The problem is that Congress, particularly the House, has power of the purse strings, and even if it gives tacit power to establish executive departments, it can underfund them at will, especially if the business interests who have gotten more and more access to members of Congress don't want enforcement funded. The oldest trick in the book is for Congress to pass a law that enacts a popular reform and to later defund it because the power brokers in the duopoly don't want it.
Of course passing amendments to the U.S. Constitution is a slow and drawn-out process. One can see the possibility that rapid change or a huge crisis; some have been warning that a failure to repair the systemic problems in banking, finance, and investment, that contributed to the Crash of 2008 have not been fixed and might lead to another meltdown and soon, will outstrip the process and lead to even more radical change in the nation than Constitutional processes will allow. The worst case is a total national disruption leading to a governmental crisis or oven a Civil War. The Congress would have to act very differently in the face of such a crisis than it has over the past 30-40 years. this has happened before, rescuing the Union several times. Another possibility is that technical and demographic change will lead to the Union becoming irrevelent and Constitutional reform taking the shape of several sections of the country separating from the rest.

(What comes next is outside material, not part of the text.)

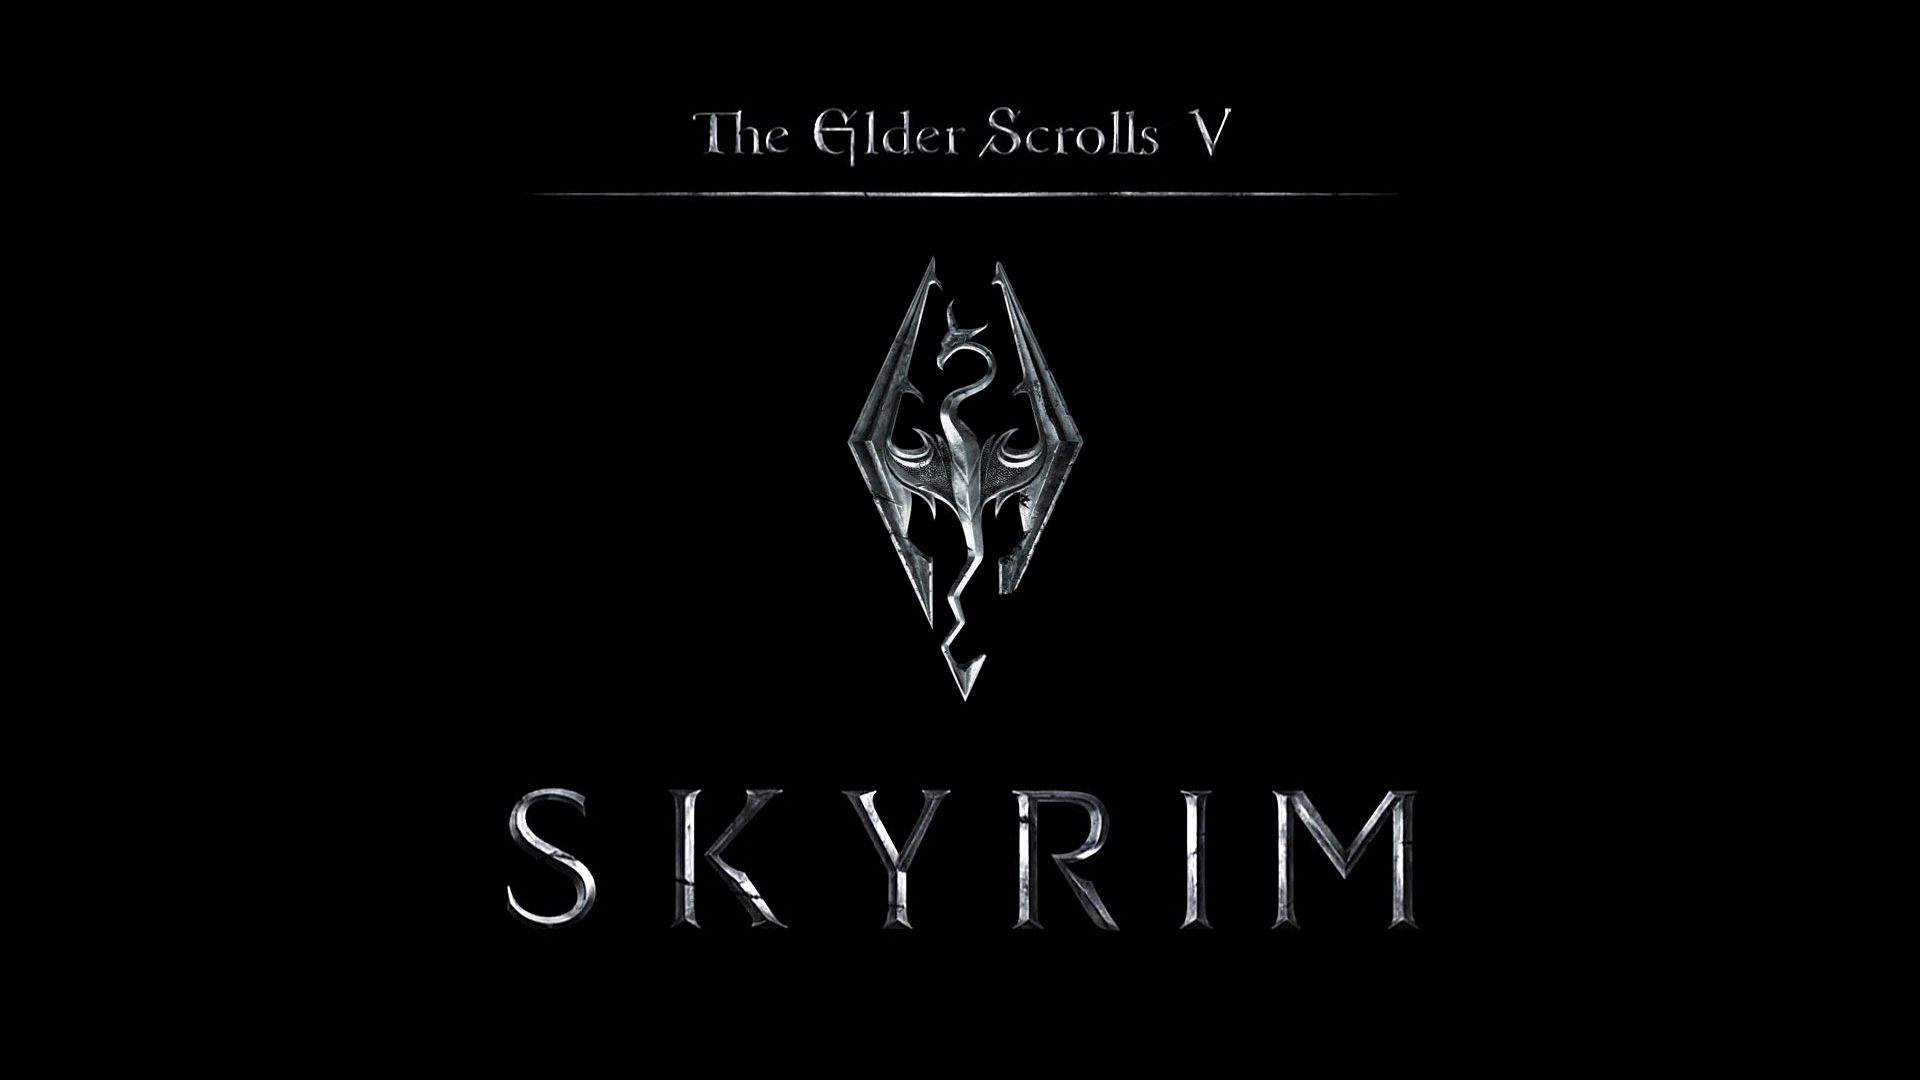 The Elder Scrolls V Skyrim HD Wallpaper For Desktop

First. the urban centers of the country are under represented by any current apportionment that recognizes States Rights and the current bicameral legislature. This divide is widening and is reflected in political debates about Gun Control and the power of other rural-centered issues from social issues to energy priorities. One thing that may tip the balance is energy independence of the urban coasts by the coming on-line of non-carbon based fuels, nuclear fusion, and alternative nuclear fuels like Thorium. Once free of the Carbon Lobby in the Conservative central states, and able to desalinate water cheaply from the oceans, the populations on the two coasts will see the center of the nation as a millstone and see the Constitution as the tool of keeping the rural states in power and they will demand succession.
This breakup does not have to take the form of the Civil War of 1861. The coasts do not need the center to be viable economically or to threive, especially the West Coast. Right now it is energy and water that limits what the economy of the Western U.S. can do, and that could change overnight if nuclear fusion is proven to be viable. The economic clout of the Gulf Coast and Midwest will simply evaporate or become much less important. They may ask to separate from the rest to protect their conservative social values, and we on the costs will say "Be Our Guest!", no Civil War results.

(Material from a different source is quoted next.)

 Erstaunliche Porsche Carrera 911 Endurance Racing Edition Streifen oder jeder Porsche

Desalination of seawater made affordable by nuclear fusion would result in one huge risk, the disruption of ocean circulation by the creation of dense brine especially if done in the eastern sides of ocean basins where the introduction of brine would disrupt nutrient-rich upwelling. We may have to farm the salty brine on the land to dispose of it and also to create high albeido regions to cool the overheated atmosphere caused by burning of carbon fuels. Maybe it would be just that either the Gulf Coast has to receive the salt or leave the Union.